Foke harus Nonaktif Setelah Resmi di KPU

Selasa, 6 Maret 2007 | 12:17 WIB

Jakarta, NU Online
Ketua PWNU DKI Jakarta Dr. Ing Fauzi Bowo (Foke) yang saat ini mencalonkan diri sebagai gubernur DKI Jakarta harus non aktif setelah ada pendaftaran secara resmi di KPUD. Pencalonan oleh beberapa parpol sifatnya masih internal dan belum resmi.

“Nanti setelah resmi terdaftar di KPUD kita non aktifkan, karena siapa tahu, pencalonannya belum tentu memenuhi persyaratan di KPUD,” tutur Ketua PBNU H. Ahmad Bagdja kepada NU Online, Selasa (6/3).

<>

Beberapa parpol yang memiliki kesamaan pandang untuk mencalonkan Fauzi Bowo adalah Partai Golkar, PDS, dan PPP. Saat ini juga masih terdapat lobi dengan berbagai parpol yang belum menentukan sikap seperti DPIP untuk mendukung Foke.

Untuk menghindari konflik of interest, PBNU melarang adanya rangkap jabatan dengan jabatan politik atau jabatan sebagai pengurus harian partai politik.
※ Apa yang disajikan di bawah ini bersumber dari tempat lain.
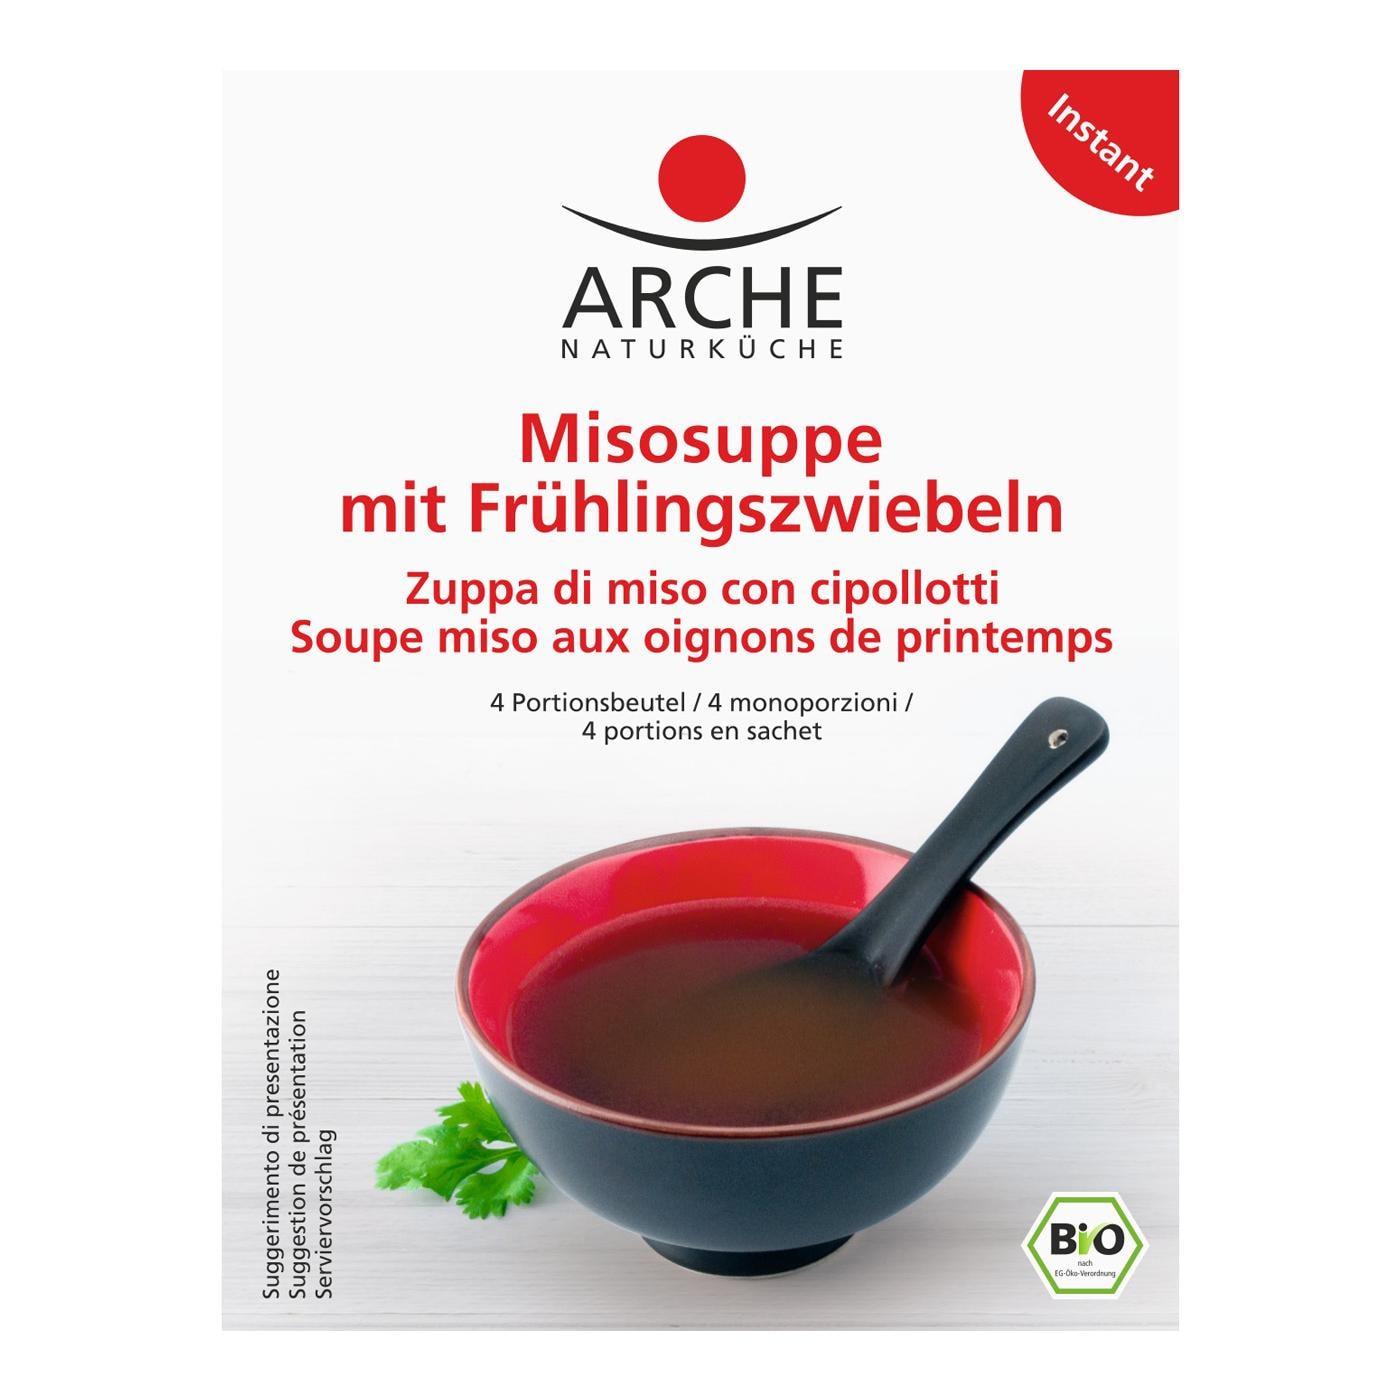 Arche Bio Misosuppe mit Frühlingszwiebeln 4x10g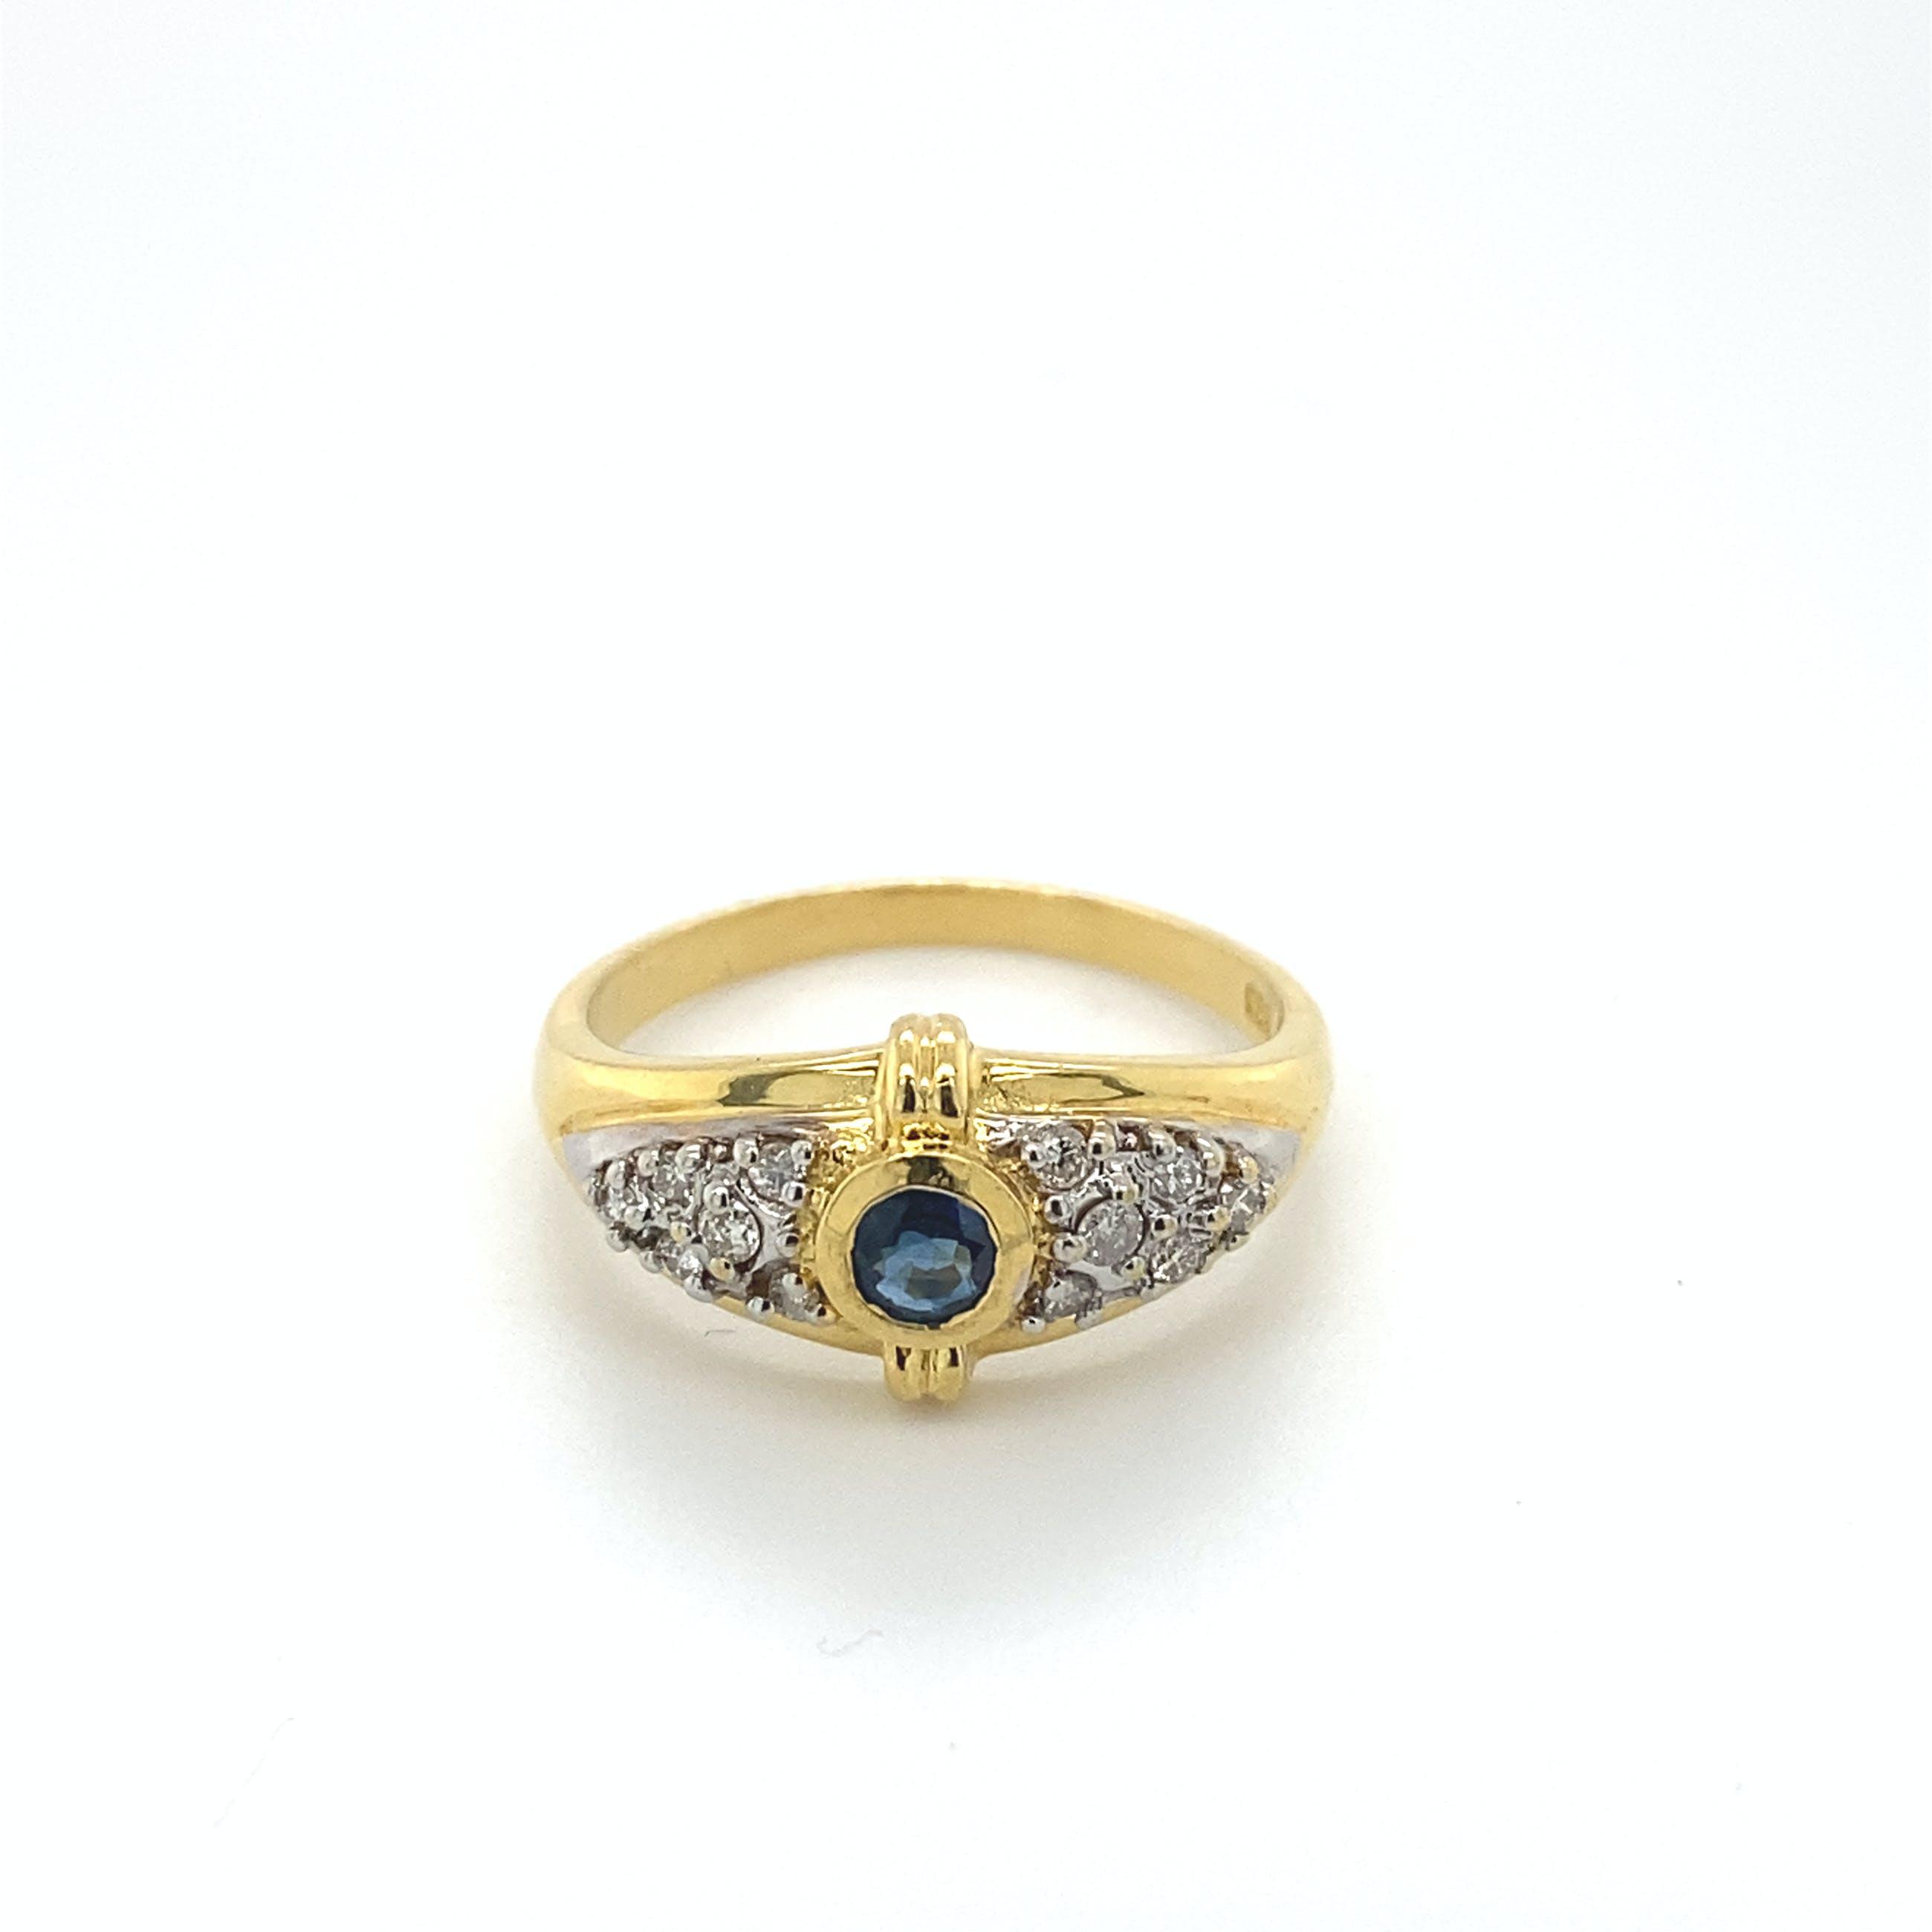 18kt gouden ring met saffier en diamant, maat 51/17, 4,02gr kopen? Bied vanaf 270!

Jika ada pengurus NU yang mencalonkan diri dalam pilkada, mereka diharuskan untuk non aktif selama masa pencalonan tersebut.

Bagdja menjelaskan jika Fauzi Bowo memenangkan pemilihan gubernur DKI maka ia diberi waktu selama sebulan untuk mengundurkan diri. “Jika terpilih sebagai gubernur DKI, Ia diberi kesempatan untuk memilih jabatan sebagai ketua PWNU atau sebagai gubernur,” tandasnya.

Jika Foke yang merupakan putra Betawi ini memilih jabatan sebagai gubernur, maka ia harus mengundurkan diri atau diberhentikan dengan hormat lalu diadakan proses pergantian antar waktu atau melalui konferensi wilayah untuk meneruskan kepemimpinan NU di DKI.

Ditegaskan oleh Bagdja bahwa aturan ini tak bisa ditawar-tawar meskipun pengurus wilayah menyetujuinya secara aklamasi. Ia memberi contoh Bupati Bone Bolango Drs Ismet Mile MM yang terpilih sebagai ketua PWNU Gorontalo. “Meskipun ia terpilih secara aklamasi, tapi tidak disetujui oleh PBNU karena melanggar Peraturan Organisasi (PO). Jadi harus diganti dengan orang lain,” paparnya.

Kasus yang sama juga telah terjadi di beberapa cabang dan PBNU tidak memberikan konpromi. Namun larangan rangkap jabatan ini tidak berlaku untuk jabatan struktural birokrasi seperti menjadi dirjen atau sekjen departemen tertentu. (mkf)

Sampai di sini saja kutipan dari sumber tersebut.